La subjetividad de Don Quijote está en crisis cuya expresión es la duplicación del mundo. Estamos ante una forma de farsa (Auerbach concibe el Quijote como una gran comedia, en el mismo sentido que lo es la [Divina] Comedia para Dante,), acentuada por el hecho de que esta escena reconstruye un tópico de la novela caballeresca: la pastorela, en la cual se esperaría una contraparte bucólica femenina para el caballero; no una rústica: esta alteración es la responsable del choque verbal encarnado en el lenguaje elevado de Quijote y el hablar vulgar y rudo de las mozas. Aquí hay una manifestación grotesca.
Erich Auerbach señala:
• Como Quijote adecua la realidad a su delirio y no se siente responsable de los males que causa, en su conciencia queda descartado todo conflicto trágico.
• La locura de Quijote no engendra su sabiduría. Es Quijano, quien por naturaleza y cuidado, es sabio. La sabiduría de Quijote sólo se manifiesta con plenitud cuando no está bajo el delirio caballeresco; no obstante, como dicho delirio sólo afecta una esfera de la personalidad de Quijano, aún bajo su locura se puede apreciar la calidad del hidalgo. Pero, insiste, esa calidad es independiente de la locura y pre-existente a ella. (En resumen: La sabiduría se debe a Quijano, no a Quijote.)
• El Quijote no es una obra de crítica social: falta consistencia en el desarrollo del personaje en dicho sentido. Además, no problematiza la sociedad que le toca vivir, ni cuestiona su legitimidad.
• La única crítica que hace Cervantes a través del Quijote es literaria.

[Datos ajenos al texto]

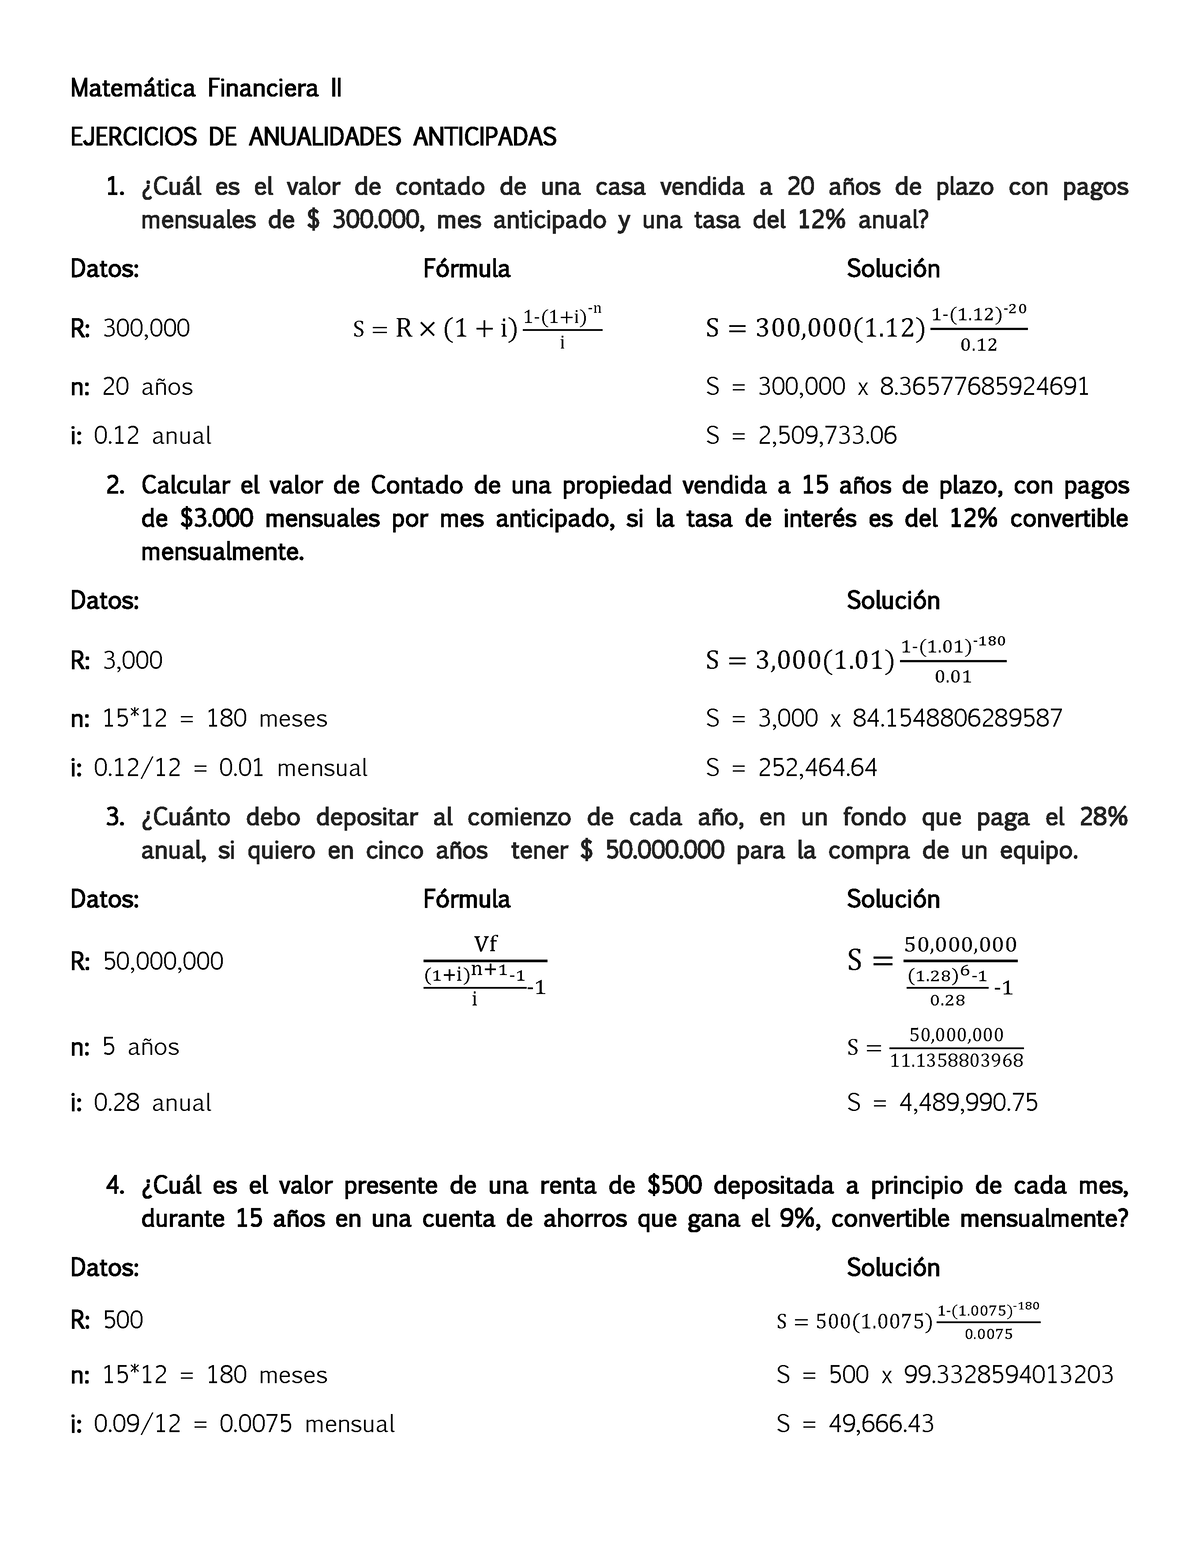 Anualidades Ejercicios Anualidades Matematica Financi 5651

• En cuanto a la crítica a los libros de caballería, ésta es, sobre todo (según Auerbach; considerando el capítulo I de la 1ª parte, que por los disparates, además), por su estilo seco. El propio Cervantes gusta del elevado estilo cortesano.
• El encantamiento de Dulcinea dirige a Quijote en el resto de la obra, lo hace enfermar y cuerdo, morir. Luego, este capítulo es determinante para el desenlace de la obra.